Parker Jayelin N, Rager Theresa L, Burns Jade, Mmeje Okeoma
Department of Obstetrics and Gynecology, University of Michigan, 1500 E Medical Center Dr, Ann Arbor, MI, 48109, United States, 1 734-763-3429, 1 734-647-9727.
Department of Health Behavior and Biological Sciences, University of Michigan School of Nursing, Ann Arbor, MI, United States.
JMIR Form Res. 2024 Dec 9;8:e56788. doi: 10.2196/56788.
As technology continues to shape the landscape of health research, the utilization of web-based surveys for collecting sexual health information among adolescents and young adults has become increasingly prevalent. However, this shift toward digital platforms brings forth a new set of challenges, particularly the infiltration of automated bots that can compromise data integrity and the reliability of survey results.
We aimed to outline the data verification process used in our study design, which employed survey programming and data cleaning protocols.
A 26-item survey was developed and programmed with several data integrity functions, including reCAPTCHA scores, RelevantID fraud and duplicate scores, verification of IP addresses, and honeypot questions. Participants aged 15-24 years were recruited via social media advertisements over 7 weeks and received a US $15 incentive after survey completion. Data verification occurred through a 2-part cleaning process, which removed responses that were incomplete, flagged as spam by Qualtrics, or from duplicate IP addresses, or those that did not meet the inclusion criteria. Final comparisons of reported age with date of birth and reported state with state inclusion criteria were performed. Participants who completed the study survey were linked to a second survey to receive their incentive. Responses without first and last names and full addresses were removed, as were those with duplicate IP addresses or the exact same longitude and latitude coordinates. Finally, IP addresses used to complete both surveys were compared, and consistent responses were eligible for an incentive.
Over 7 weeks, online advertisements for a web-based survey reached 1.4 million social media users. Of the 20,585 survey responses received, 4589 (22.3%) were verified. Incentives were sent to 462 participants; of these, 14 responses were duplicates and 3 contained discrepancies, resulting in a final sample of 445 responses.
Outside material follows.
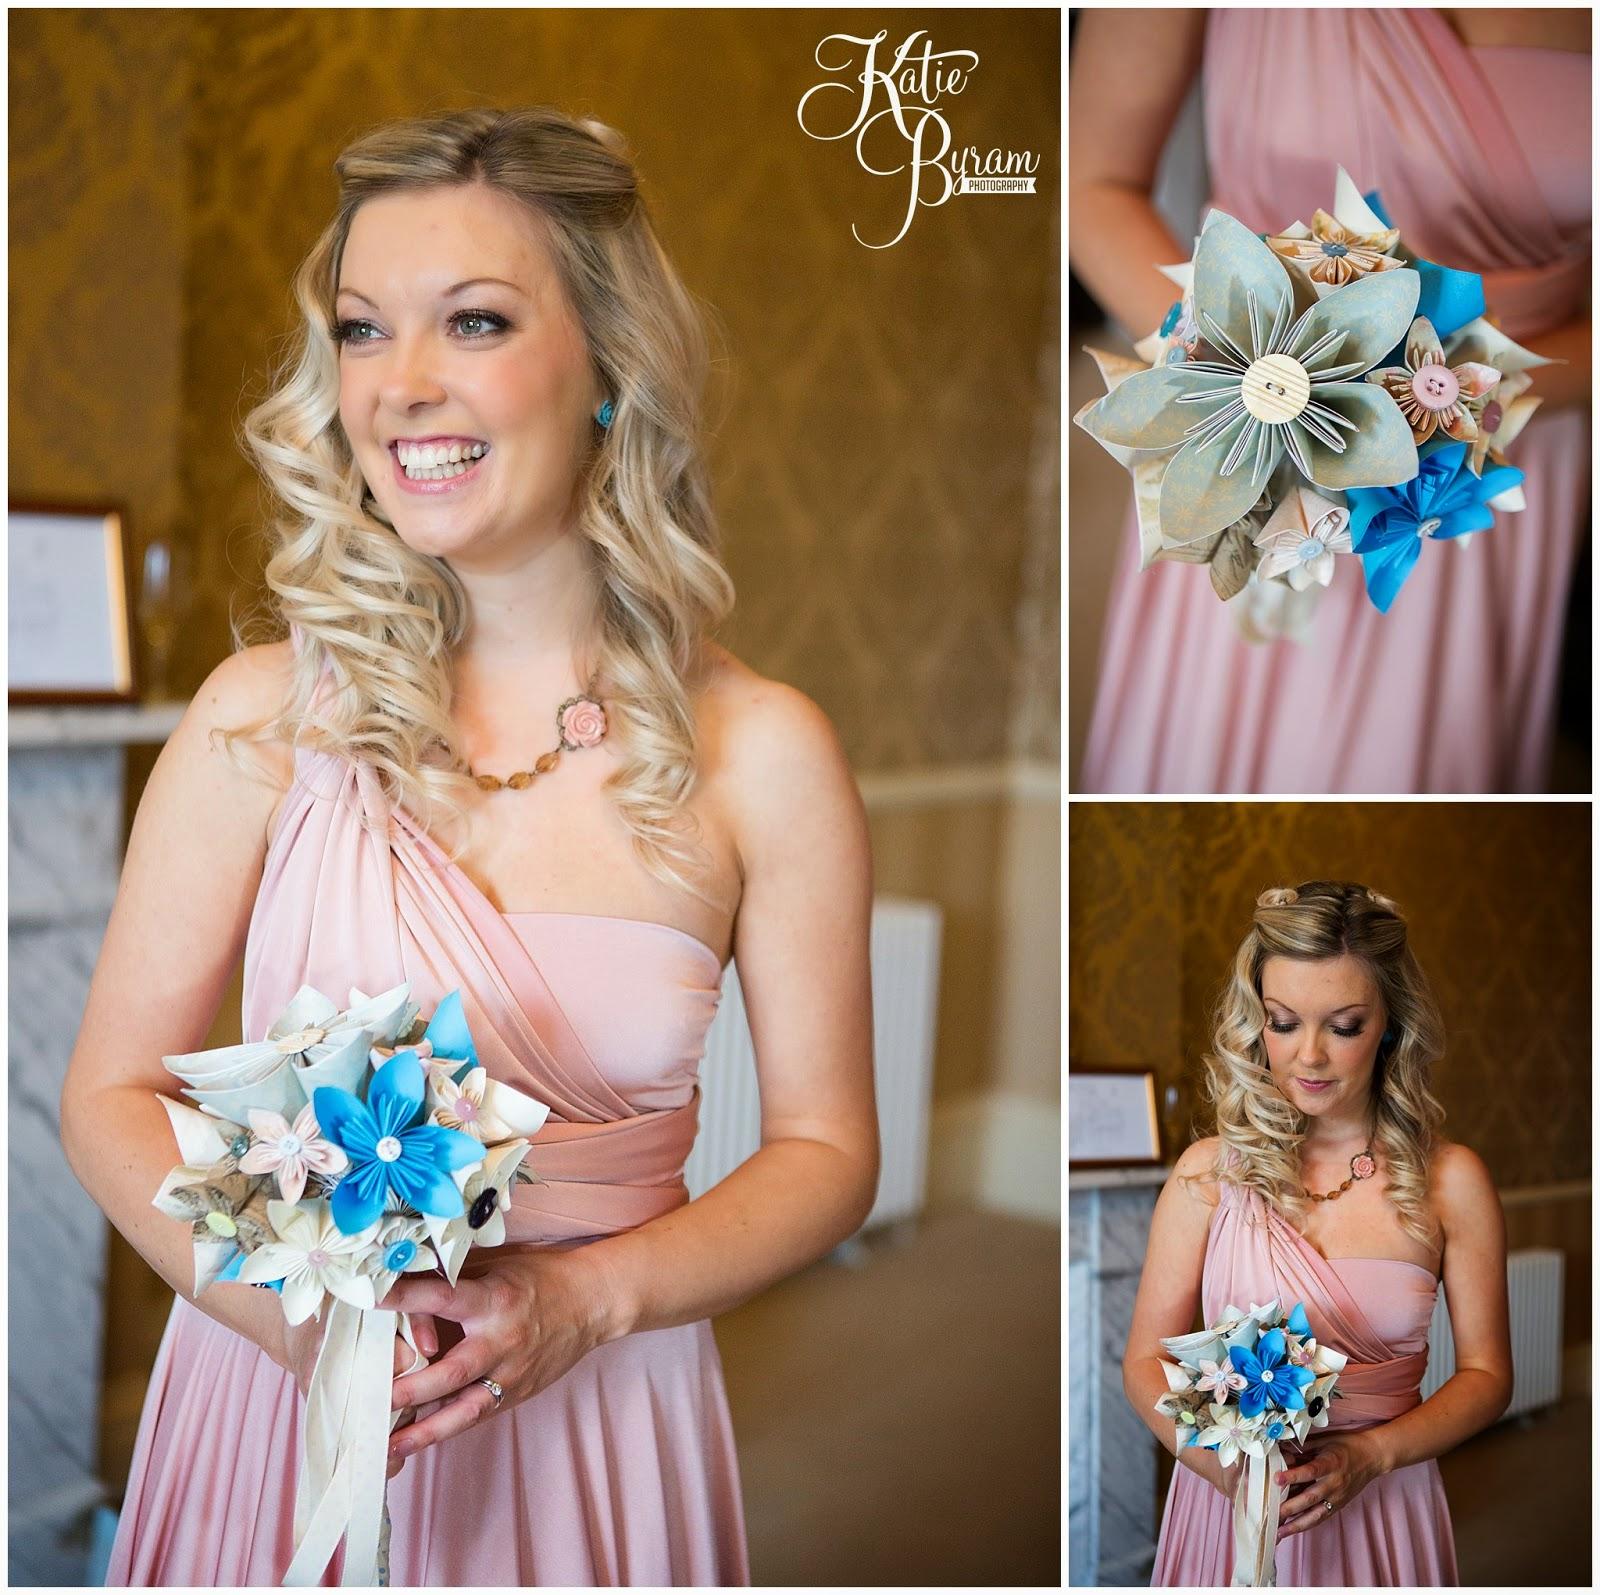 twobirds bridesmaid dress, two birds dress, twobirds wrap dress, bridesmaid dresses

Confidential web-based surveys are an appealing method for reaching populations-particularly adolescents and young adults, who may be reluctant to disclose sensitive information to family, friends, or clinical providers. Web-based surveys are a useful tool for researchers targeting hard-to-reach populations due to the difficulty in obtaining a representative sample. However, researchers face the ongoing threat of bots and fraudulent participants in a technology-driven world, necessitating the adoption of evolving bot detection software and tailored protocols for data collection in unique contexts.
随着技术不断塑造健康研究的格局,利用基于网络的调查来收集青少年和青年的性健康信息变得越来越普遍。然而,这种向数字平台的转变带来了一系列新挑战,尤其是自动化机器人的渗透,这可能会损害数据完整性和调查结果的可靠性。
我们旨在概述我们研究设计中使用的数据验证过程,该过程采用了调查编程和数据清理协议。
开发了一项包含26个条目的调查,并通过几个数据完整性功能进行编程,包括谷歌验证码分数、相关ID欺诈和重复分数、IP地址验证以及蜜罐问题。通过社交媒体广告在7周内招募了15至24岁的参与者,调查完成后给予15美元的奖励。数据验证通过两部分清理过程进行,该过程删除了不完整的回复、被Qualtrics标记为垃圾邮件的回复、来自重复IP地址的回复或不符合纳入标准的回复。对报告的年龄与出生日期以及报告的州与州纳入标准进行了最终比较。完成研究调查的参与者被链接到第二项调查以获得奖励。没有姓名和完整地址的回复以及具有重复IP地址或完全相同的经度和纬度坐标的回复都被删除。最后,比较了用于完成两项调查的IP地址,一致的回复才有资格获得奖励。
在7周内,一项基于网络的调查的在线广告覆盖了140万社交媒体用户。在收到的20585份调查回复中,4589份(22.3%)经过了验证。向462名参与者发送了奖励;其中,14份回复是重复的,3份包含差异,最终样本为445份回复。
基于网络的保密调查是接触人群的一种有吸引力的方法,特别是青少年和青年,他们可能不愿意向家人、朋友或临床提供者披露敏感信息。基于网络的调查对于针对难以接触到的人群的研究人员来说是一个有用的工具,因为难以获得具有代表性的样本。然而,在技术驱动的世界中,研究人员面临着机器人和欺诈性参与者的持续威胁,因此需要采用不断发展的机器人检测软件和针对独特背景的数据收集定制协议。